All six Senate appropriations committees completed separate pieces of the budget that will be cobbled together next week by the Ways and Means Committee into a single bill for floor action.

House budget leaders, meanwhile, released a series of spending proposals for committee consideration that include an 8 percent tuition increase for college and university students and cuts to public schools and health care.

If Congress extends a temporary increase in Medicaid payments to the states, now set to expire at the end of 2010, Florida would get $1 billion, which would allow state money committed to Medicaid in the new budget proposals to be shifted elsewhere, reducing or avoiding some of the spending cuts. But lawmakers are not counting on that federal money yet.

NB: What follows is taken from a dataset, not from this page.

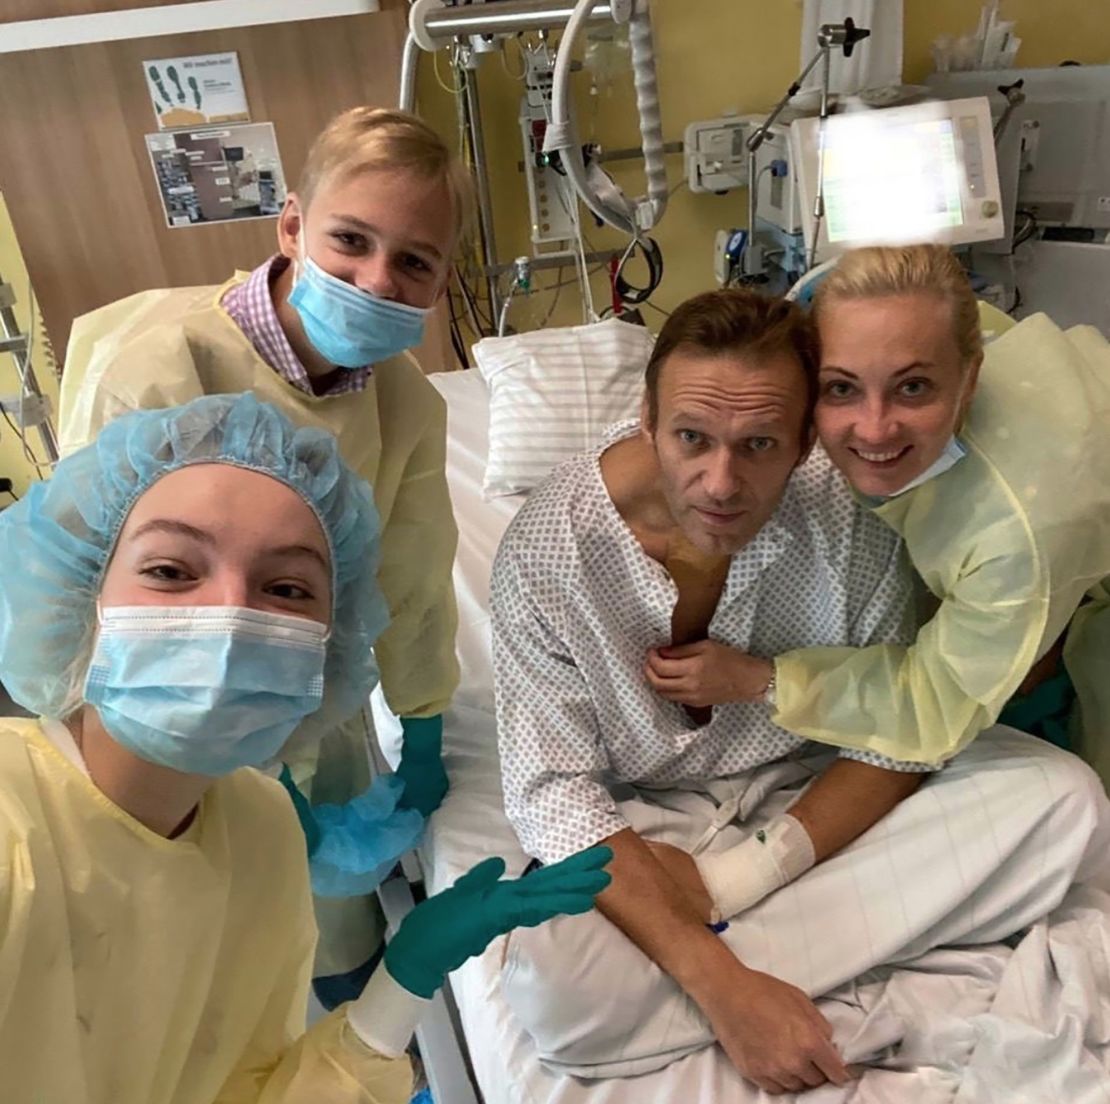 A photo shared on Navalny's instagram account shows the Russian opposition leader in a hospital bed surrounded by his wife and two children as his treatment continues following novichok poisoning in 2020. 
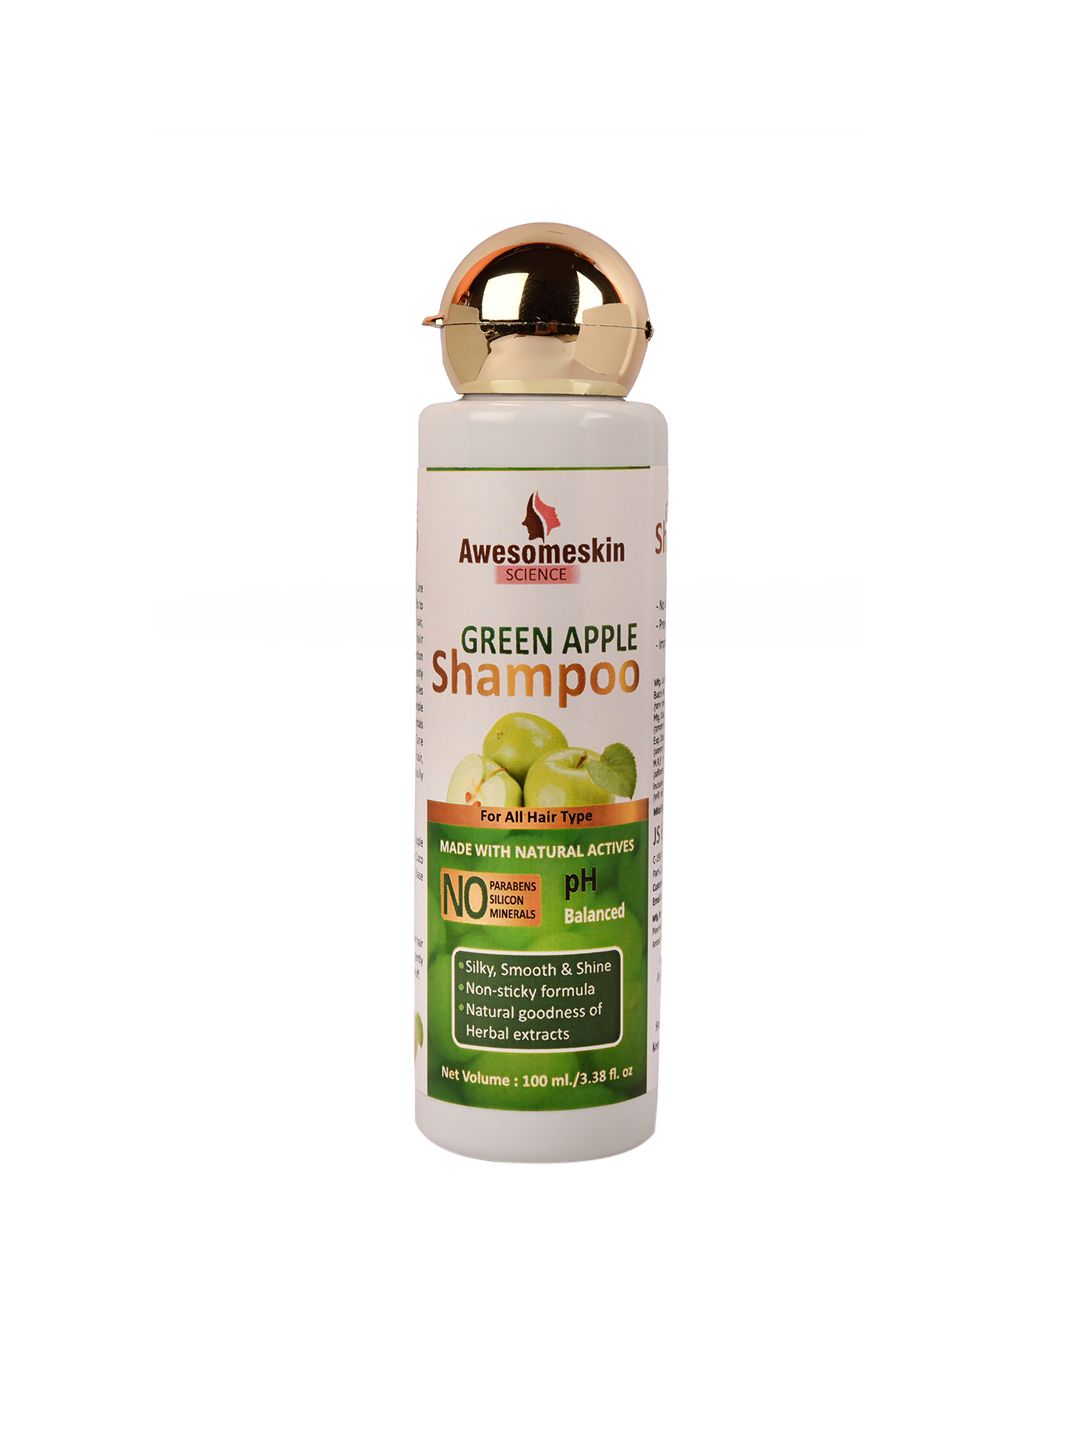 Awesomeskin Science Green Apple Shampoo for All Hair Type - 100 ml Price in India

The Senate's health and human services budget would spend about $1 billion more — $27.2 billion — than in the current year. Most of the increase would cover rising Medicaid costs, including more people qualifying for the state-federal program that provides health care for low-income patients.

Sen. Durell Peaden, a Crestview Republican who chairs the appropriations committee overseeing that part of the budget, said the same economic woes depressing state revenues have created a greater need for services due to higher rates of unemployment and poverty.

Peaden represents Holmes and Washington counties.

The Senate plan for public schools would increase the average spending per student by $15.41 to $6,881.18. It would reach that level, though, only if all 67 school districts increase property taxes by $25 per $100,000 of taxable property. Only 42 counties have passed the optional tax. The House proposal would reduce per student funding by about $31 to $6,835.

Down the hall from where the Senate Transportation and Economic Development Committee voted out its budget plan, a lone protester held a sign urging lawmakers to restore $20 million in public library funding. But the committee's plan eliminates library funding, as does the House proposal.